Notes on Inception-V4
Abstract
In recent years, very deep convolutional neural networks have been the single biggest driver of improvements in image recognition performance. The Inception architecture achieves strong performance while keeping computational cost relatively low. Combining residual connections with conventional architectures produced the best results on the 2015 ILSVRC, comparable to Inception-V3. This paper considers combining Inception networks with residual connections; there is ample evidence that residual connections can greatly accelerate the training of Inception networks, and also evidence that a residual Inception slightly outperforms a non-residual Inception of almost the same computational cost. The paper also proposes several new Inception networks, both with and without residual connections, and these changes likewise markedly improve single-frame classification performance on the 2012 ILSVRC. Finally, it shows that scaling the activations appropriately can make the training of very wide residual Inception networks more stable.
Introduction
In 2012, AlexNet achieved excellent results on CV tasks, and deep CNNs have since been applied very successfully across a wide range of CV domains. Because residual connections are crucial for training deep architectures, this paper combines residual connections with deep Inception networks, thereby reaping all the benefits of residual connections while keeping the computational cost unchanged.
Beyond this direct combination, the paper also explores whether Inception itself can be made deeper and wider to achieve better performance. To this end, it designs Inception-V4, and thanks to TensorFlow’s distributed computing capabilities the model no longer needs to be partitioned.
The paper also compares Inception-V3, Inception-V4, and a residual Inception network of comparable computational cost. It is clear that the single-frame performance of Inception-V4 and Inception-ResNet-V2 on the ImageNet validation set is similar, with both exceeding the state-of-the-art results. Finally, it finds that even this ensemble’s performance does not yet reach the level of the dataset’s classification noise, so there is still room for improvement.
Related Work
CNNs have become very popular for large-scale image recognition tasks; Network in Network, VGGNet, and GoogLeNet (Inception-V1) are all important milestones. He gave ample theoretical and empirical justification for the benefits of residual connections, particularly for applications in detection. The authors emphasize that residual connections are inherently necessary for training very deep CNN models, but our findings do not support this view, at least not for image recognition; this probably requires more arguments and a deeper understanding of the role of residual connections in deep networks.

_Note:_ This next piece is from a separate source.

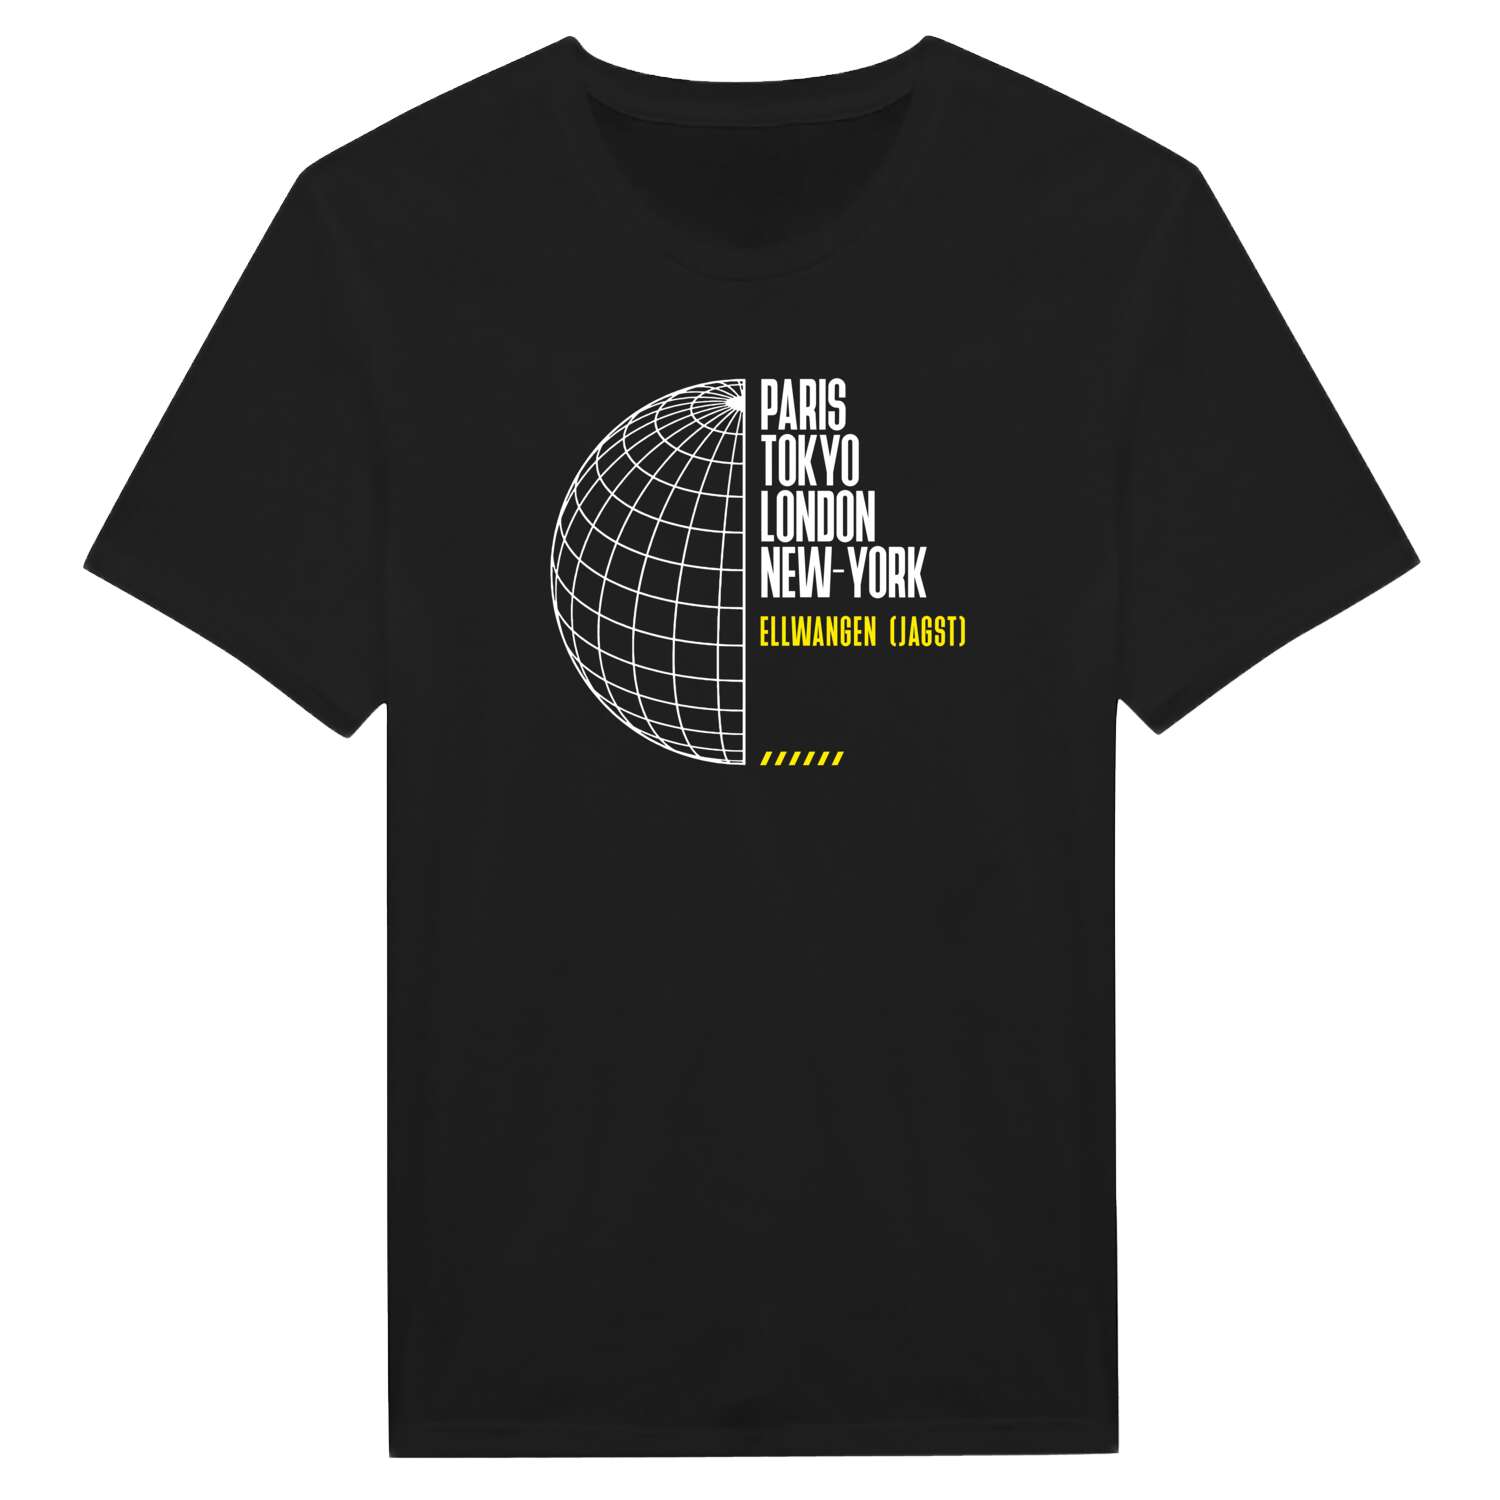 Ellwangen (Jagst) T-Shirt »Paris Tokyo London«

The experimental section demonstrates that even without residual connections, training very deep networks is not difficult, although residual connections can substantially improve training speed, which is itself an important argument for using them.

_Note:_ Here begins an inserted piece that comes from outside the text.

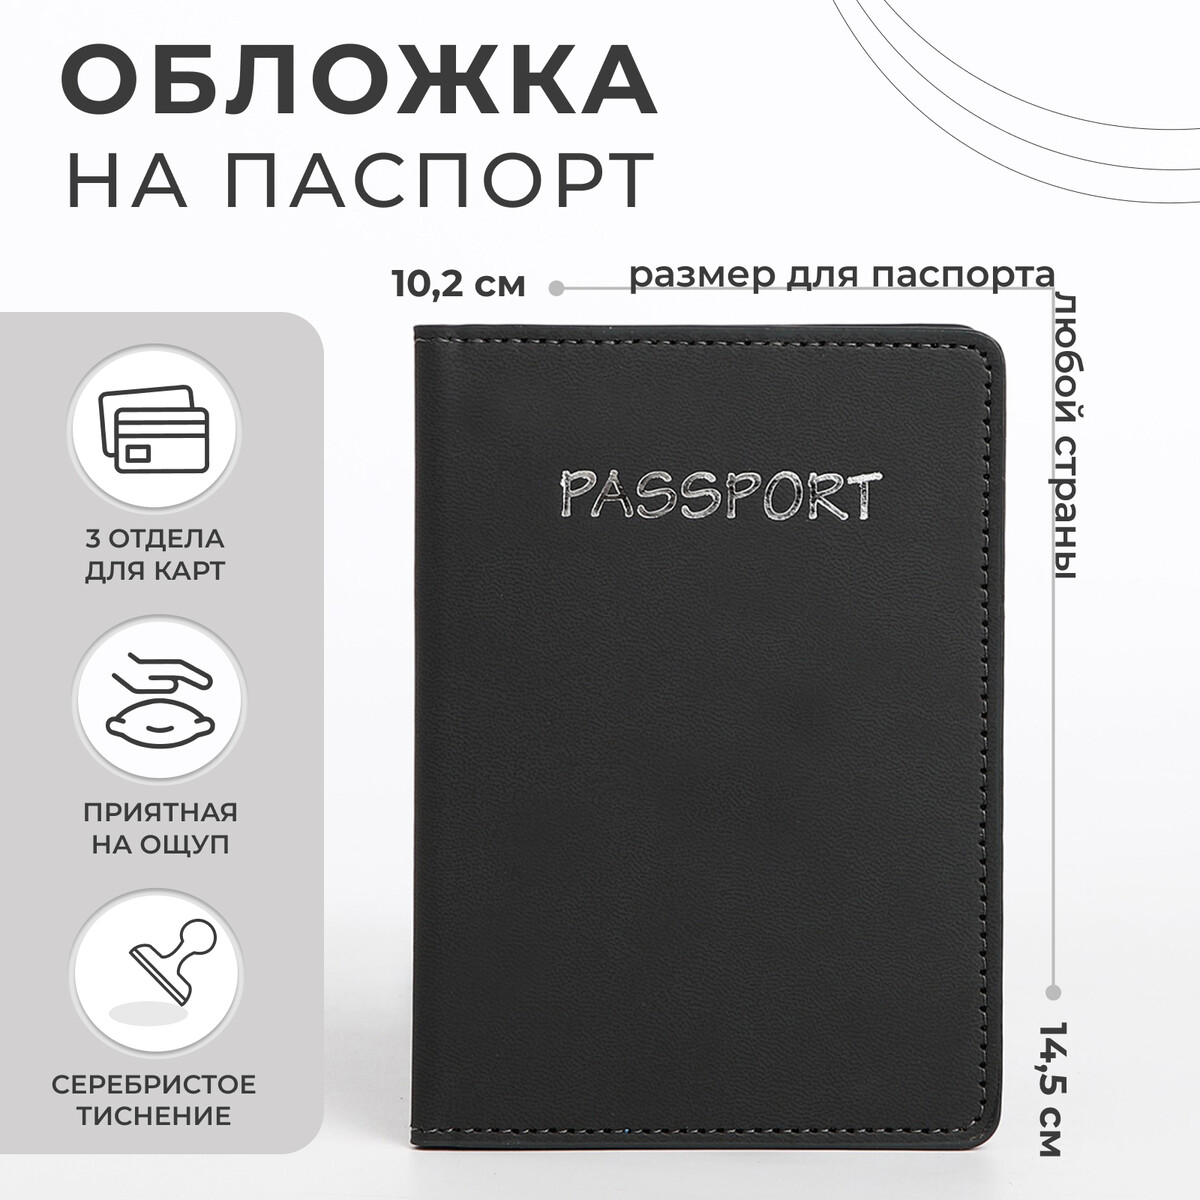 Обложка для паспорта, цвет темно-серый шорты бермуды 8 9 темно серый loloclo

Starting from Inception-V1, this architecture has gone through several rounds of improvement: introducing BN yielded V2, and performing additional factorization yielded V3.
Architectural Choices
This section mainly introduces the concrete architecture of the network.
In the residual version of the Inception network, simpler Inception blocks are used, and each Inception block is followed by a 1*1 convolution to compensate for the change in the number of channels. Another minor difference between the Inception and residual versions is that, in the residual version, BN is applied only on top of the conventional layers and not on top of the summations. This is a compromise made so that the network can have more Inception blocks and still be trained on a single GPU; in fact, applying BN everywhere would be more favorable.

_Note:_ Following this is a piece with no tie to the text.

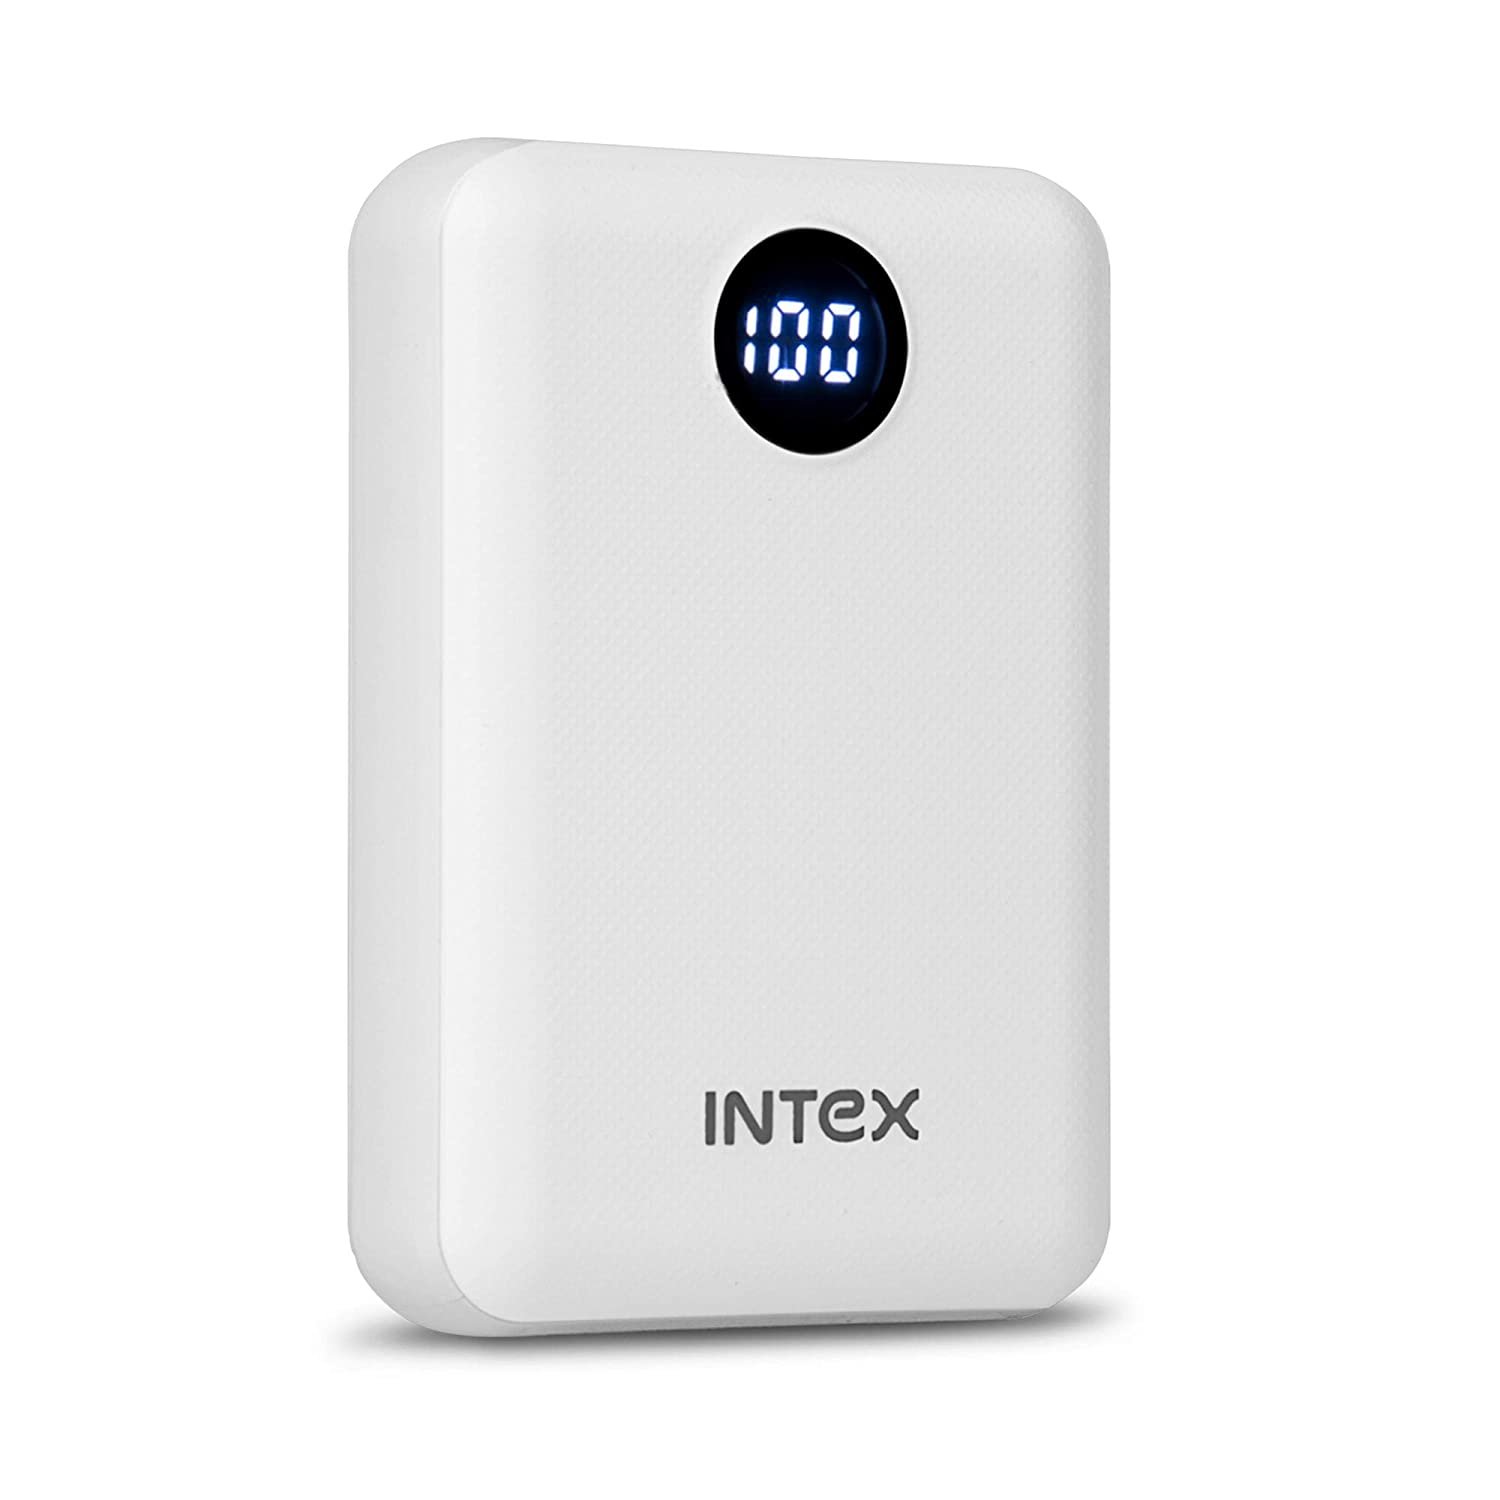 INTEX 10000mAH Li-Polymer Power Bank Mini

When the number of filters exceeds 1000, the network fails to train early in the process, and neither lowering the learning rate nor adding extra BN can avoid this phenomenon. He proposed first warming up with a low learning rate and then training with a high learning rate to mitigate this, but this paper finds that scaling the residuals solves the problem more reliably, without losing accuracy and with more stable training.
Training Methodology
This section mainly introduces some training details. The TensorFlow distributed computing framework was used, with Nvidia Kepler GPUs. The best model used the RMSProp algorithm with decay = 0.9, , and a learning rate of 0.045, decayed with an exponential decay rate of 0.94 every two epochs.